- **Excerpted data**:
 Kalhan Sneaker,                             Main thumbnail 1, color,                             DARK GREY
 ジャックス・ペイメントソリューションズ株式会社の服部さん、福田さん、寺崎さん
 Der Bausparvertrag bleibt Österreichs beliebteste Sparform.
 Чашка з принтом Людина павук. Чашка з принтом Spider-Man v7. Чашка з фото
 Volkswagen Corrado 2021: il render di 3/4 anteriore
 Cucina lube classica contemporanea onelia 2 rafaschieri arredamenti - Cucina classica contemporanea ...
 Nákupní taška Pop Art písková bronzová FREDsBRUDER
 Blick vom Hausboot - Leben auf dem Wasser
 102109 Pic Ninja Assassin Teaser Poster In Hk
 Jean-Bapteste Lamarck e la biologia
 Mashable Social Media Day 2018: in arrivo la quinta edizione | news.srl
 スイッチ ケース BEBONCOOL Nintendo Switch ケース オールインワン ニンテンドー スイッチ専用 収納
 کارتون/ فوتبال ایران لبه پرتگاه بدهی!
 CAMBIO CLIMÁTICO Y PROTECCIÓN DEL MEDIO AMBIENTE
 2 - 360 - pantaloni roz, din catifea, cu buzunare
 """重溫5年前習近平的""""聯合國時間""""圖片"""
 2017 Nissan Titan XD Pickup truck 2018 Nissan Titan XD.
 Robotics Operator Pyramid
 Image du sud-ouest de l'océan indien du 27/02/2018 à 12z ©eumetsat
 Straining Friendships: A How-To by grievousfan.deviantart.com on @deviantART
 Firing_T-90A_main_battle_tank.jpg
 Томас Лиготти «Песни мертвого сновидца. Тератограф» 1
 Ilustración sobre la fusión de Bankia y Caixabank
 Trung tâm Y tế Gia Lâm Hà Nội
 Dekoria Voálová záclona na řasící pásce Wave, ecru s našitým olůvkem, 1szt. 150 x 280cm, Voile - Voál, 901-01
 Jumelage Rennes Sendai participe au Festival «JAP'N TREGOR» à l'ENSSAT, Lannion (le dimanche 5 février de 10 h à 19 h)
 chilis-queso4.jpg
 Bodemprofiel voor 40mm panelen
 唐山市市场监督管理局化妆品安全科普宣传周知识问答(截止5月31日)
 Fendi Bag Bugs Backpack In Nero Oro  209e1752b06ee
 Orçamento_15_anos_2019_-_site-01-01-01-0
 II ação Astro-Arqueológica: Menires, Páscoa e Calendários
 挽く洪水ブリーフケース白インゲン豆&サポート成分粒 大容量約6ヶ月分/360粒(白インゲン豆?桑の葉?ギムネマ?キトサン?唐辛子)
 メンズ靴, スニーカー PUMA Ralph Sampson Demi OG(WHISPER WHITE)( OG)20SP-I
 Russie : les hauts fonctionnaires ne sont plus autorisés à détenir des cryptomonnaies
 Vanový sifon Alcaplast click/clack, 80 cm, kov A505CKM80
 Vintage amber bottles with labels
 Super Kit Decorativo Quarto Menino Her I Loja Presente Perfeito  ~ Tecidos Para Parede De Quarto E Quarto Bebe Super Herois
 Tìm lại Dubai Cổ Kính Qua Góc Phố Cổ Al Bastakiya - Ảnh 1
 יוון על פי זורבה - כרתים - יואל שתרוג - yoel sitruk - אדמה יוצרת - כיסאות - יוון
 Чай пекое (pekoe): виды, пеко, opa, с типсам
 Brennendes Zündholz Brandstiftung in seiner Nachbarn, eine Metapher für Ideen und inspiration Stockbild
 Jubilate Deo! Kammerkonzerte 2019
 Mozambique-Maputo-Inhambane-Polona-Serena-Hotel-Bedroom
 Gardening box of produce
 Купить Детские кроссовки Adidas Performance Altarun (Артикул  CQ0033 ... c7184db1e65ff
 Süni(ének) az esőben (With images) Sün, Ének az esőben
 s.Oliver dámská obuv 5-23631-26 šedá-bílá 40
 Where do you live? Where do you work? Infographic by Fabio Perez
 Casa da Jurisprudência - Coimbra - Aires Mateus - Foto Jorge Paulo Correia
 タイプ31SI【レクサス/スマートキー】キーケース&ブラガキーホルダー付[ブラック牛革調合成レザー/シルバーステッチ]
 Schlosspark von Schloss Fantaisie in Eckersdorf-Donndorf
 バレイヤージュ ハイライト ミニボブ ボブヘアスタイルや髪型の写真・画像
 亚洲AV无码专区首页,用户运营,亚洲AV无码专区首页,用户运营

- **Directions for this task**:
Output the data in full, please, exactly as written.

- **Exercise output**:
 Kalhan Sneaker,                             Main thumbnail 1, color,                             DARK GREY
 ジャックス・ペイメントソリューションズ株式会社の服部さん、福田さん、寺崎さん
 Der Bausparvertrag bleibt Österreichs beliebteste Sparform.
 Чашка з принтом Людина павук. Чашка з принтом Spider-Man v7. Чашка з фото
 Volkswagen Corrado 2021: il render di 3/4 anteriore
 Cucina lube classica contemporanea onelia 2 rafaschieri arredamenti - Cucina classica contemporanea ...
 Nákupní taška Pop Art písková bronzová FREDsBRUDER
 Blick vom Hausboot - Leben auf dem Wasser
 102109 Pic Ninja Assassin Teaser Poster In Hk
 Jean-Bapteste Lamarck e la biologia
 Mashable Social Media Day 2018: in arrivo la quinta edizione | news.srl
 スイッチ ケース BEBONCOOL Nintendo Switch ケース オールインワン ニンテンドー スイッチ専用 収納
 کارتون/ فوتبال ایران لبه پرتگاه بدهی!
 CAMBIO CLIMÁTICO Y PROTECCIÓN DEL MEDIO AMBIENTE
 2 - 360 - pantaloni roz, din catifea, cu buzunare
 """重溫5年前習近平的""""聯合國時間""""圖片"""
 2017 Nissan Titan XD Pickup truck 2018 Nissan Titan XD.
 Robotics Operator Pyramid
 Image du sud-ouest de l'océan indien du 27/02/2018 à 12z ©eumetsat
 Straining Friendships: A How-To by grievousfan.deviantart.com on @deviantART
 Firing_T-90A_main_battle_tank.jpg
 Томас Лиготти «Песни мертвого сновидца. Тератограф» 1
 Ilustración sobre la fusión de Bankia y Caixabank
 Trung tâm Y tế Gia Lâm Hà Nội
 Dekoria Voálová záclona na řasící pásce Wave, ecru s našitým olůvkem, 1szt. 150 x 280cm, Voile - Voál, 901-01
 Jumelage Rennes Sendai participe au Festival «JAP'N TREGOR» à l'ENSSAT, Lannion (le dimanche 5 février de 10 h à 19 h)
 chilis-queso4.jpg
 Bodemprofiel voor 40mm panelen
 唐山市市场监督管理局化妆品安全科普宣传周知识问答(截止5月31日)
 Fendi Bag Bugs Backpack In Nero Oro  209e1752b06ee
 Orçamento_15_anos_2019_-_site-01-01-01-0
 II ação Astro-Arqueológica: Menires, Páscoa e Calendários
 挽く洪水ブリーフケース白インゲン豆&サポート成分粒 大容量約6ヶ月分/360粒(白インゲン豆?桑の葉?ギムネマ?キトサン?唐辛子)
 メンズ靴, スニーカー PUMA Ralph Sampson Demi OG(WHISPER WHITE)( OG)20SP-I
 Russie : les hauts fonctionnaires ne sont plus autorisés à détenir des cryptomonnaies
 Vanový sifon Alcaplast click/clack, 80 cm, kov A505CKM80
 Vintage amber bottles with labels
 Super Kit Decorativo Quarto Menino Her I Loja Presente Perfeito  ~ Tecidos Para Parede De Quarto E Quarto Bebe Super Herois
 Tìm lại Dubai Cổ Kính Qua Góc Phố Cổ Al Bastakiya - Ảnh 1
 יוון על פי זורבה - כרתים - יואל שתרוג - yoel sitruk - אדמה יוצרת - כיסאות - יוון
 Чай пекое (pekoe): виды, пеко, opa, с типсам
 Brennendes Zündholz Brandstiftung in seiner Nachbarn, eine Metapher für Ideen und inspiration Stockbild
 Jubilate Deo! Kammerkonzerte 2019
 Mozambique-Maputo-Inhambane-Polona-Serena-Hotel-Bedroom
 Gardening box of produce
 Купить Детские кроссовки Adidas Performance Altarun (Артикул  CQ0033 ... c7184db1e65ff
 Süni(ének) az esőben (With images) Sün, Ének az esőben
 s.Oliver dámská obuv 5-23631-26 šedá-bílá 40
 Where do you live? Where do you work? Infographic by Fabio Perez
 Casa da Jurisprudência - Coimbra - Aires Mateus - Foto Jorge Paulo Correia
 タイプ31SI【レクサス/スマートキー】キーケース&ブラガキーホルダー付[ブラック牛革調合成レザー/シルバーステッチ]
 Schlosspark von Schloss Fantaisie in Eckersdorf-Donndorf
 バレイヤージュ ハイライト ミニボブ ボブヘアスタイルや髪型の写真・画像
 亚洲AV无码专区首页,用户运营,亚洲AV无码专区首页,用户运营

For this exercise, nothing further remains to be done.